The Takeaway: Cerebras bet that AI speed would matter before anyone else did—and that patience, not hype, would decide the winner.
Key Insights
- Radical performance usually requires a radical architecture; Feldman says you don’t get 15–20x better by making a small tweak to the GPU model.
- Hardware is brutally non-linear: Cerebras spent years “ahead of the market,” building a dinner-plate-sized wafer-scale chip while demand was basically zero.

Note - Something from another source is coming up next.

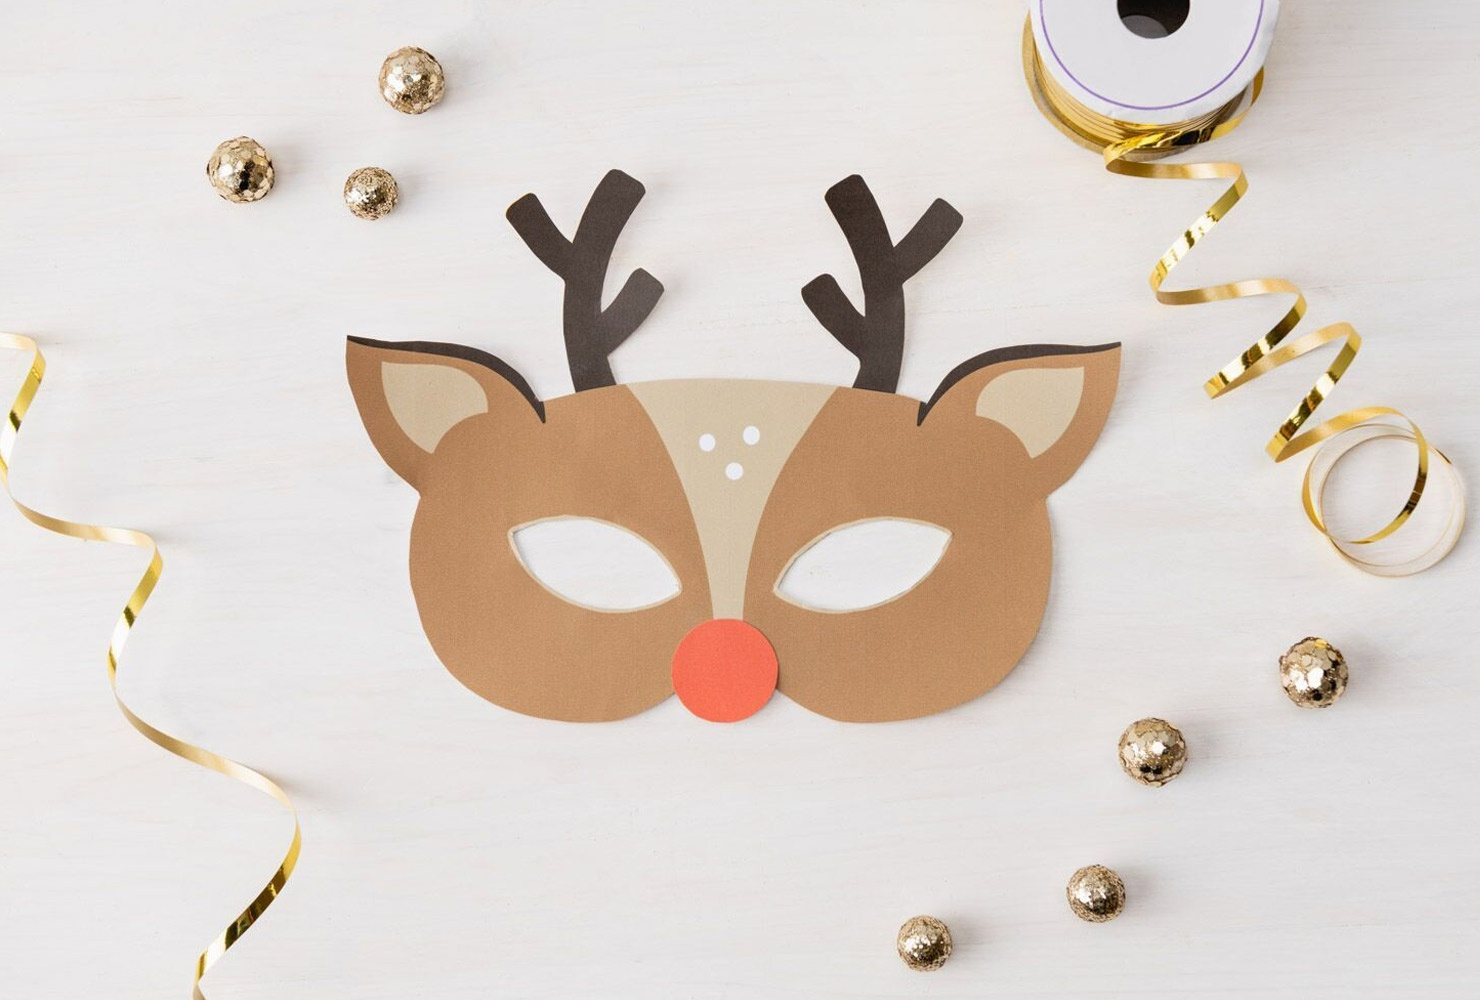 29 Christmas Crafts For Kids + Free Printable Crafts | Shutterfly - Free Printable Crafts For Preschoolers

- The real inflection came when AI stopped being a demo and became daily work; then slow inference became unacceptable, just like “slow search” or dial-up internet.
The Story
Andrew Feldman, cofounder and CEO of Cerebras, has spent more than a decade building what he calls AI computers—machines optimized for inference and training, not general-purpose computing. The company’s wager was contrarian from day one: wafer-scale chips, a 46,000 square millimeter design the size of a dinner plate, when everyone else was building postage-stamp silicon. “They told us we were out of our mind,” he says. “It would never work.”
It almost didn’t. Between 2017 and 2019, the team burned roughly $8 million a month trying to make the thing work, with board meetings every six weeks asking the same painful question: why isn’t it built yet? Then the chip finally yielded, and the company spent the next few years in an awkward place—technically ahead, commercially ignored. Feldman’s read is simple: “When it’s a novelty, nobody cares that you’re fast.”
That changed in 2025, when AI became embedded in real workflows and speed turned into a hard requirement. Cerebras was suddenly in demand across models and customers, from supercomputing labs to OpenAI and AWS. Feldman’s philosophy is blunt: love the hard road, hire fearlessly, and don’t let a company drift into safe mediocrity. His favorite line captures it: “I’m a professional David.”